Additional computations in the program compute the log likelihoods
for the null, full and saturated models, deviances for the null and full
model, and additional computations that provide the measures of
association described in Example 8.5.
HypoRob.sas:
fits the over-dispersed quasi-likelihood robust Poisson regression
models described in Example 8.6, and the robust information sandwich
analysis using PROC GENMOD that is described in Example 8.7. Additional
computatons using a PROC IML program, as in LogiRob.sas, provide the
robust sandwich estimate plus robust inferences;
Problems
GailCnt.sas:
This reads the data from Gail, Santner and Brown, 1980 that are used in
Problem 8.4. In their paper, the actual times start at 60. The data here
start with 60 as time zero. A11 animals were exposed for 122 days
(182-60).
FrCh.sas:
reads the data from Frome and Checkoway, 1985, that are used in Problem
8.6.
FHCnt.sas:
reads the data file containing the detailed information on the recurrent
infections from Fleming and Harrington (1991) and computes the numbers
of events and exposure time for each individual. Additional computations
can then be performed.
FHCnt.dat:
Is a data file constructed from the output of the above program. This
can be input or accessed directly using a filename and %include
statements.
FHCntAn.sas:
reads the file fhcnt.dat and defines additional variables that
can be used for analyses of numbers of events using rates and Poisson
models as requested in Problem 8.10.
Chapter 9
Survival Function and Tests of Significance
Survanal.sas is a set of survival
analysis macros that provides the basic computations of survival
probabilities and hazard rates in each of two groups, either for data in
continuous time or using the actuarial method, with generalized
Mantel-Haenszel or G-rho tests for differences between groups.
Instructions for use are given in the program.

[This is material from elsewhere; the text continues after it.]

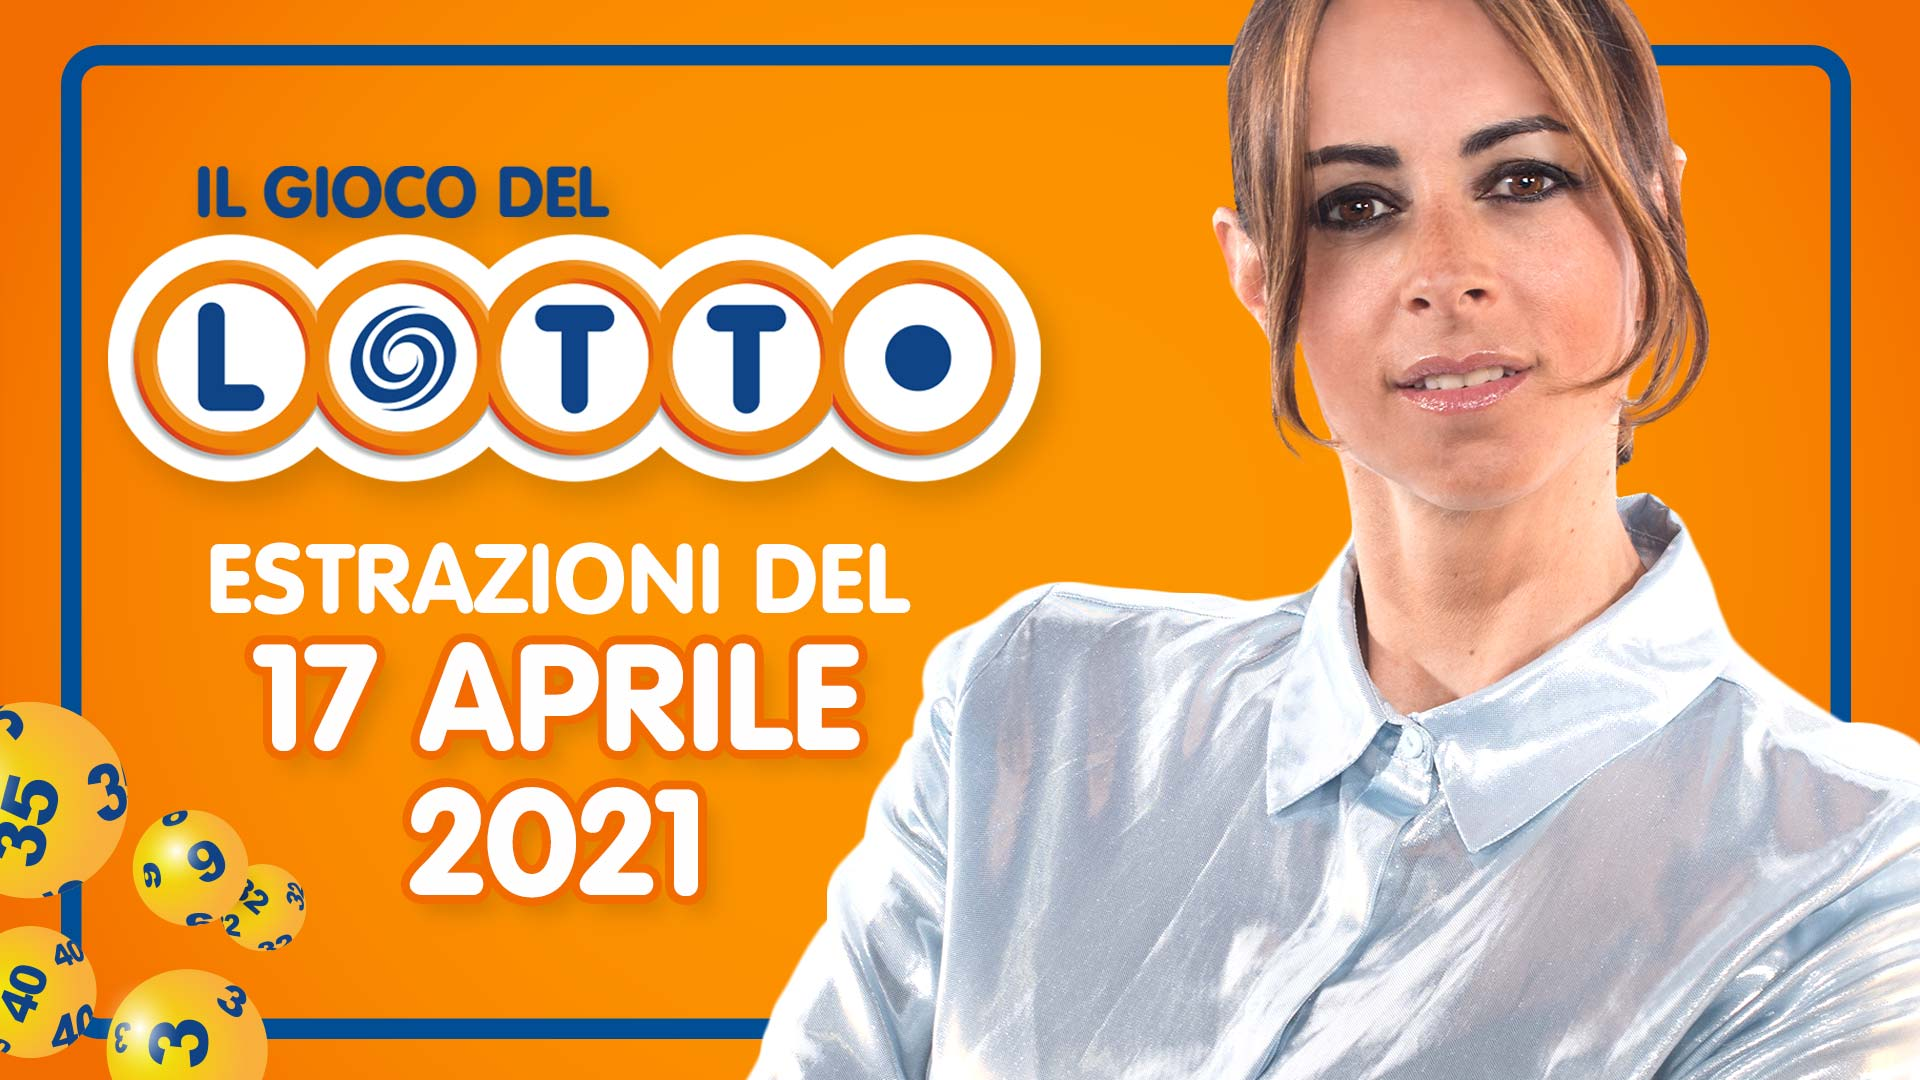 Estrazione lotto 17 aprile 2021 Lotto oggi estrazione vincente superenalotto oggi 10elotto serale simbolotto numeri vincenti ufficiali verifica vincite giovedì conduce Serena Garitta

SWL-anal.sas uses the macro
%survanal to perform survival analyses of the Lagakos squamous cell data
in the complete cohort, and within subgroups defined by performance
status. The analysis within the non-ambulatory subgroup is presented in
Example 9.1 (Tables 9.1-3 and Figure 9.1) and Example 9.4.
DCCTneph.sas. This program uses
the data set nephdata.dat with the macros provided in survanal.sas to
perform the modified Kaplan-Meier lifetable analyses presented tables
9.5-5 of Example 9.2 and to compute the tests presented in Example 9.5.
The dataset contains additional variables not mentioned in the book and
could be used for supplemental exercises.
Proportional Hazards Model
SWL-PH.sas conducts the various
proportional hazards regression analyses presented in Example 9.6,
including those with covariate interactions, nested effects, and
stratified analyses.
SWL-R2.sas computes the Schemper
and Kent-O'Quigley R-square measures of explained variation in the
proportional hazards regression analysis of the Lagakos data presented
in Example 9.6.
SWL-IS.sas computes the robust
information sandwich estimate of the covariance matrix of the
coefficient estimates for the proportional hazards regression analysis
of the Lagakos data presented in Example 9.6.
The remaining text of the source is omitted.